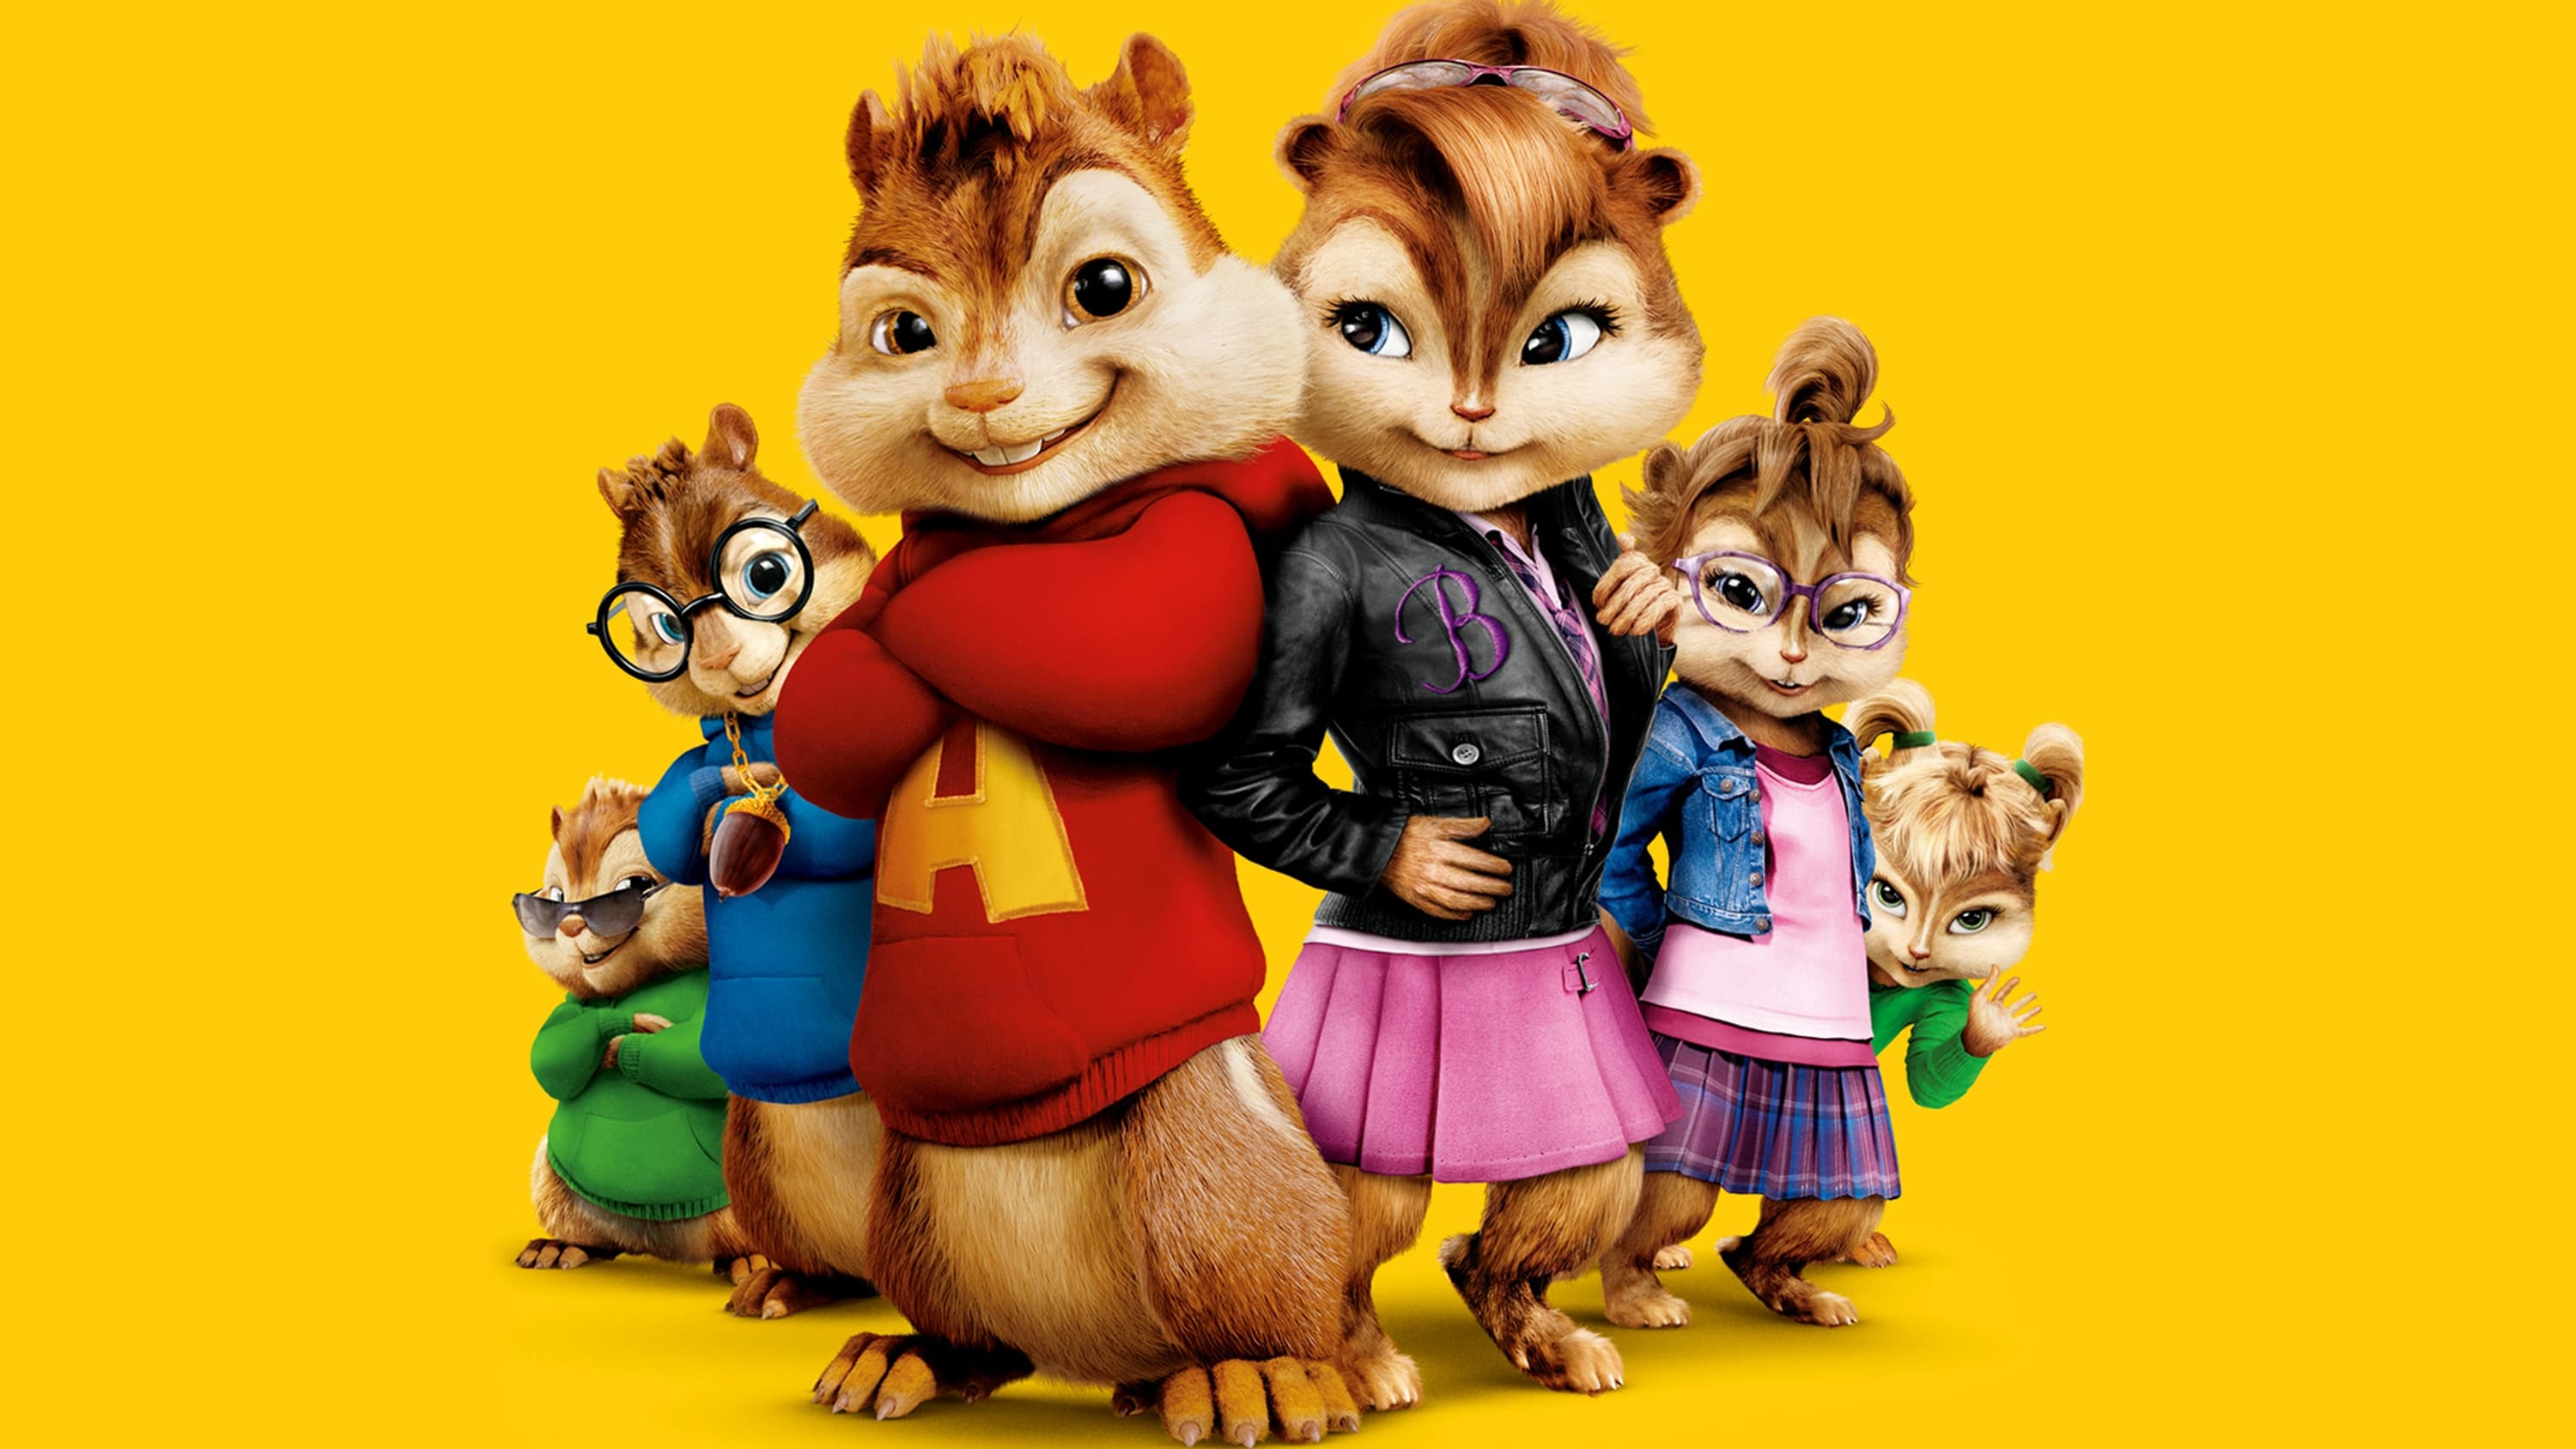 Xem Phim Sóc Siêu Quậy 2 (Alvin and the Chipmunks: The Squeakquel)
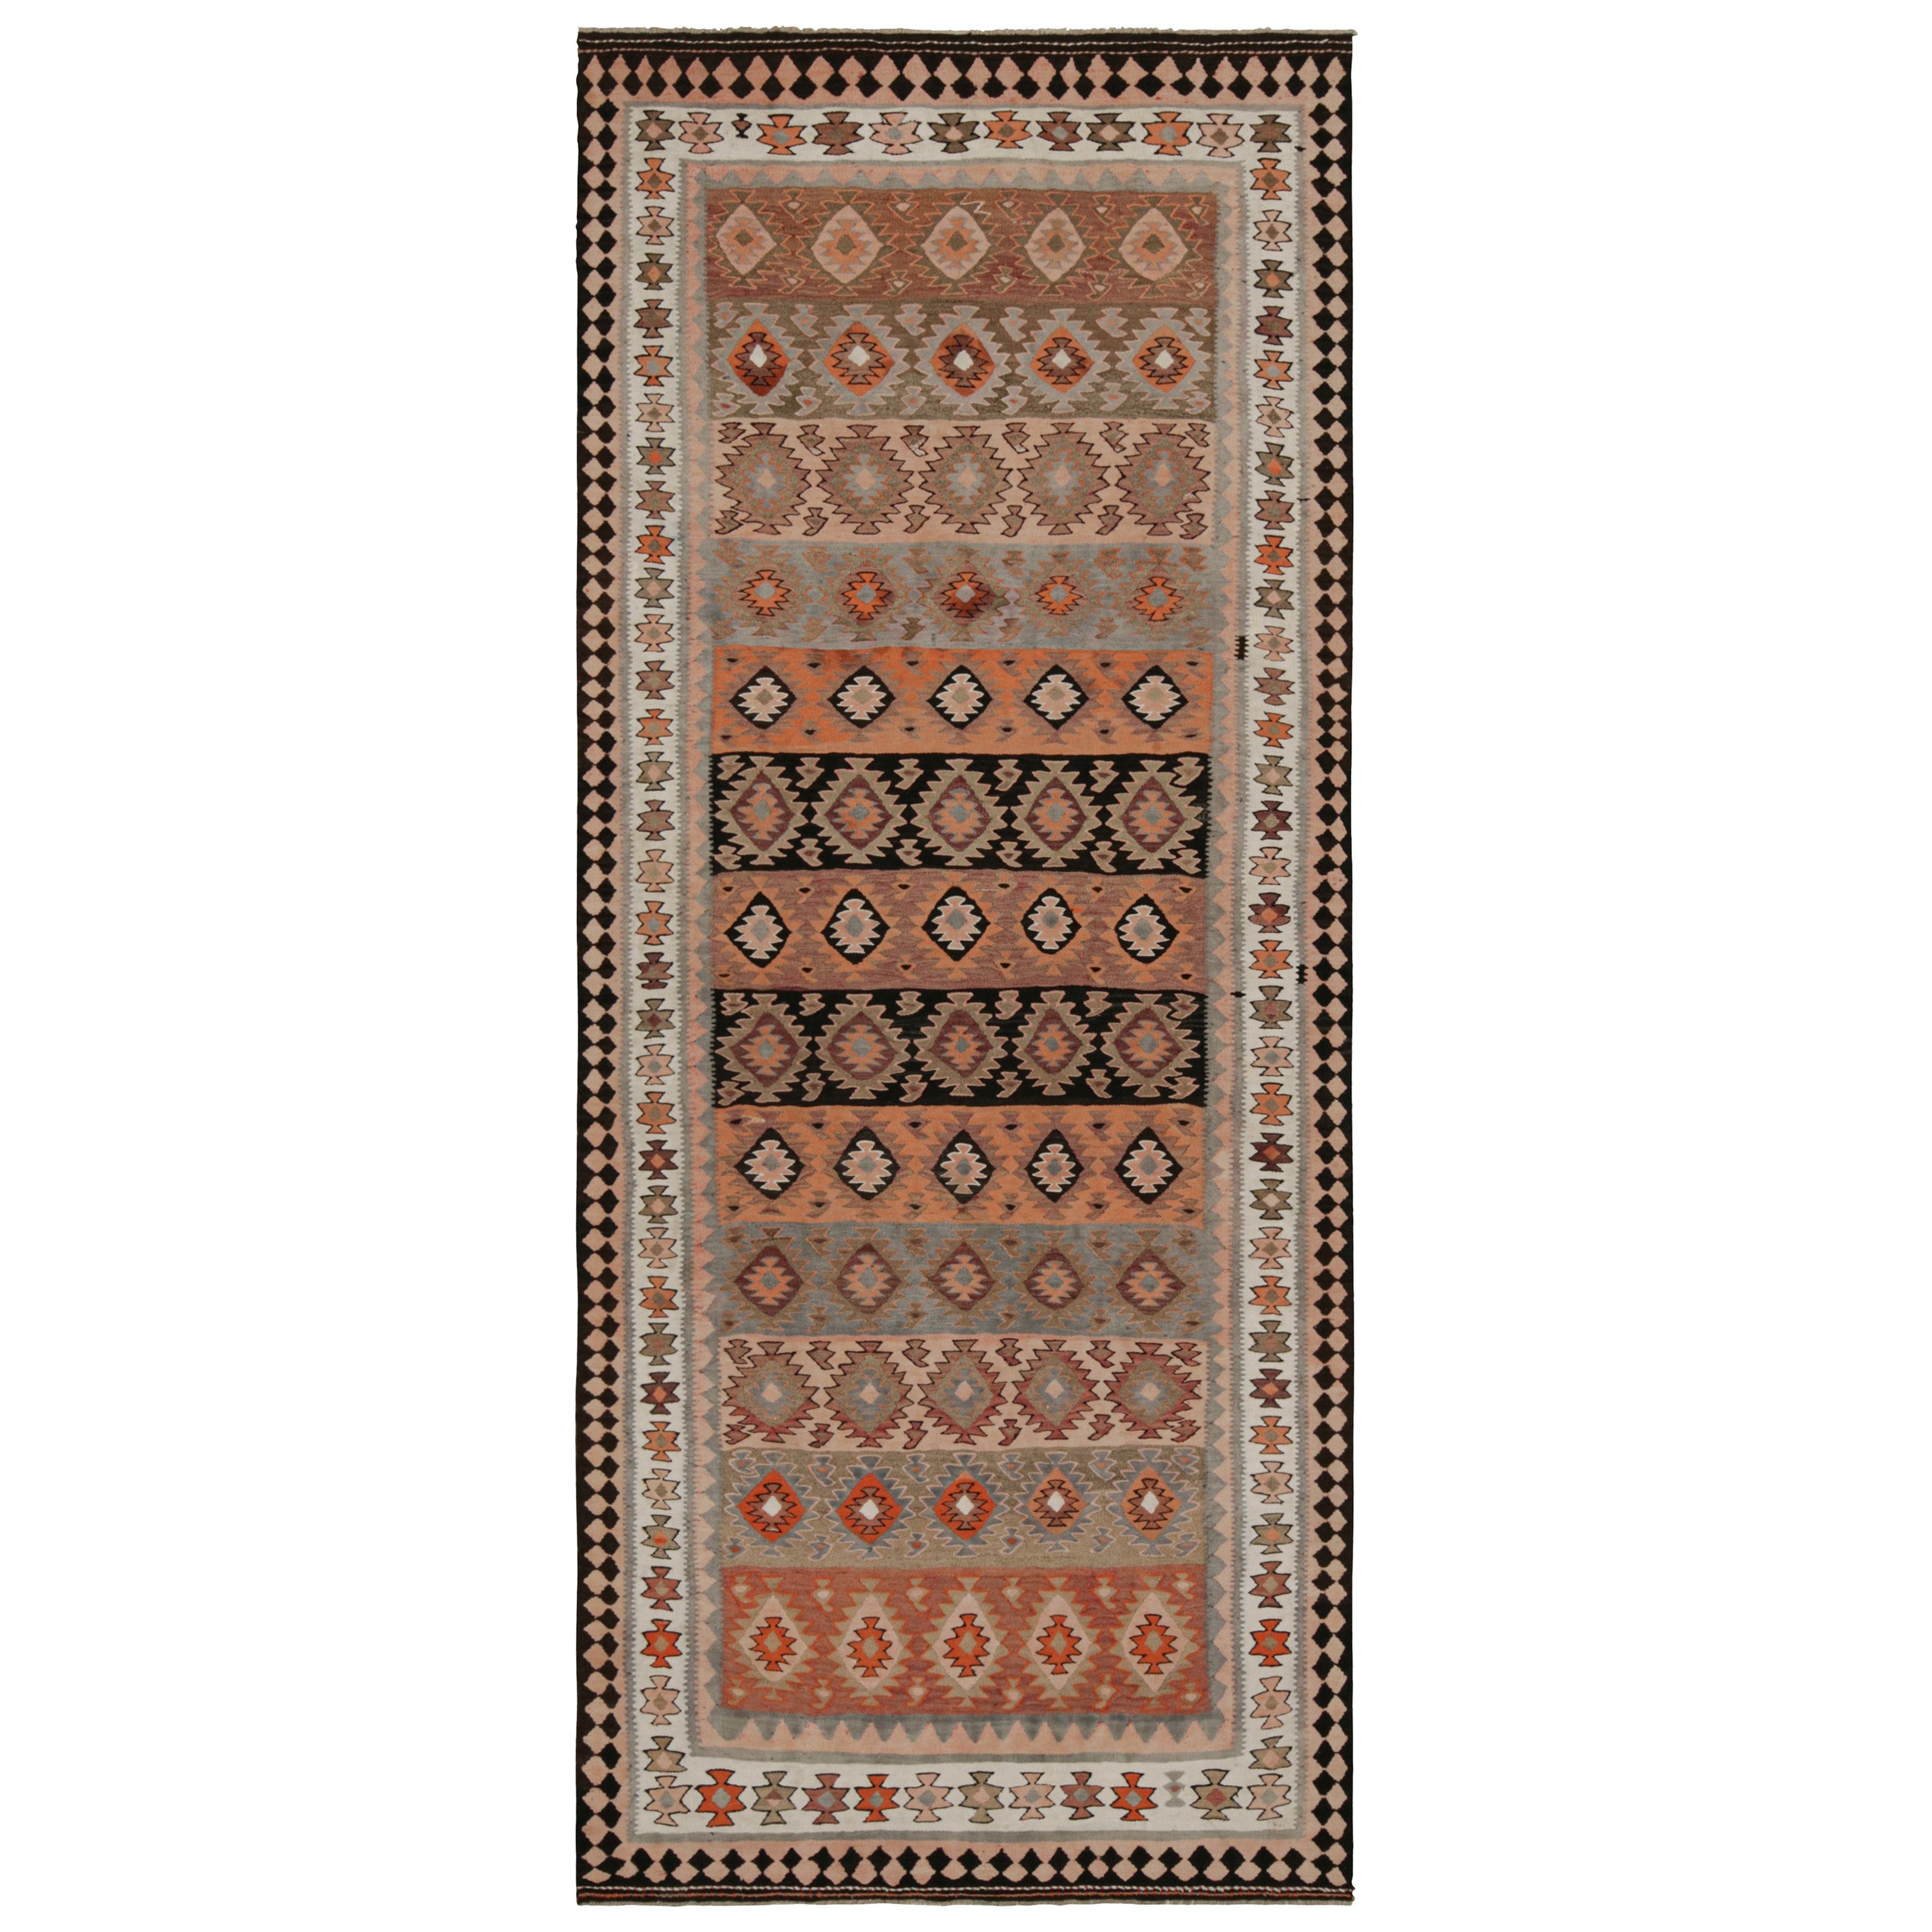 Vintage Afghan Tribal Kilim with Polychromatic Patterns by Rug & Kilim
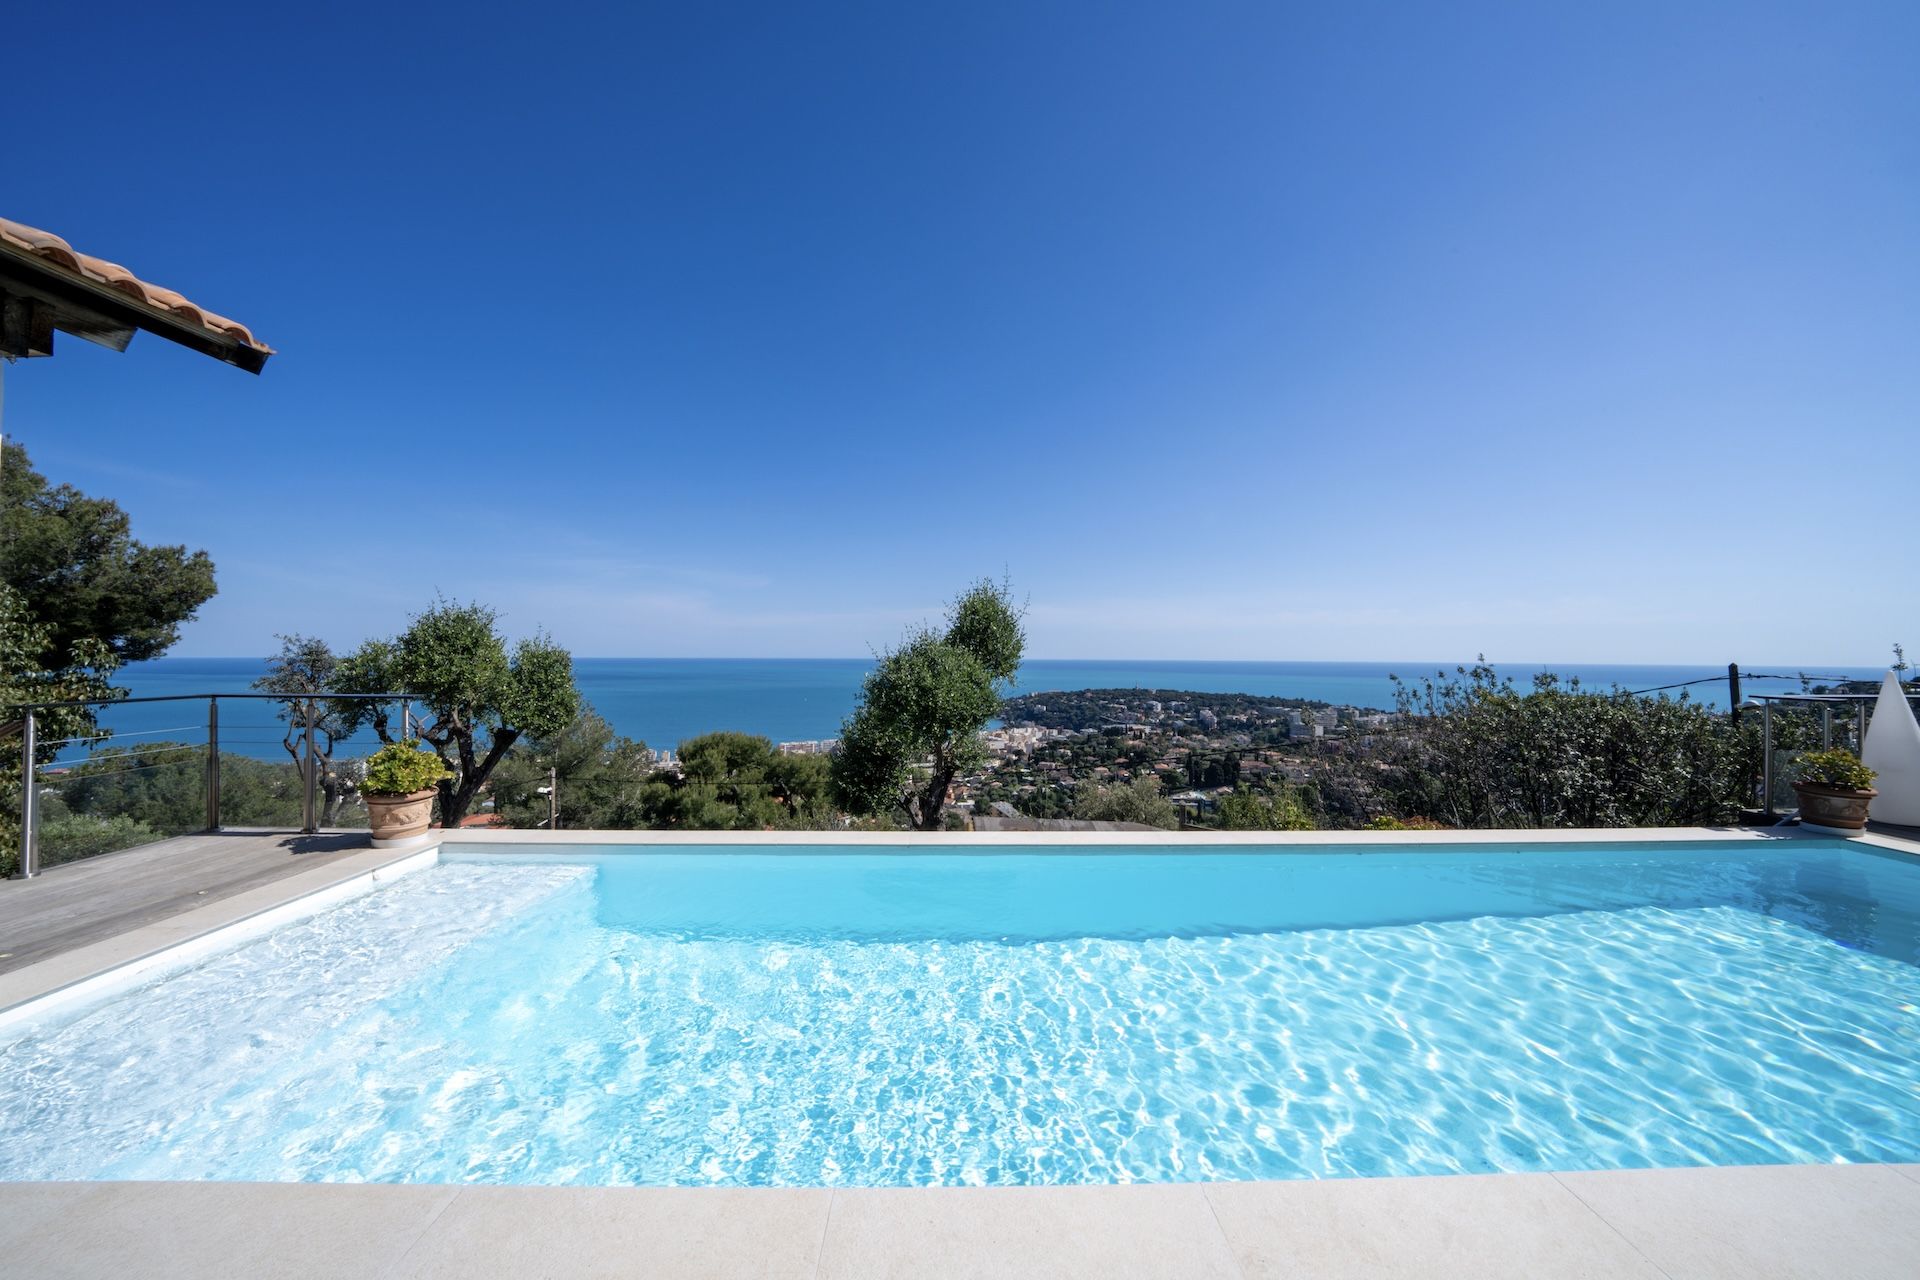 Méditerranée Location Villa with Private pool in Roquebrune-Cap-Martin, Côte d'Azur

_Task to complete_
Copy all of the listing word for word, minus the images.

_Solution_
 Xem Phim Sóc Siêu Quậy 2 (Alvin and the Chipmunks: The Squeakquel)
 Vintage Afghan Tribal Kilim with Polychromatic Patterns by Rug & Kilim
 Méditerranée Location Villa with Private pool in Roquebrune-Cap-Martin, Côte d'Azur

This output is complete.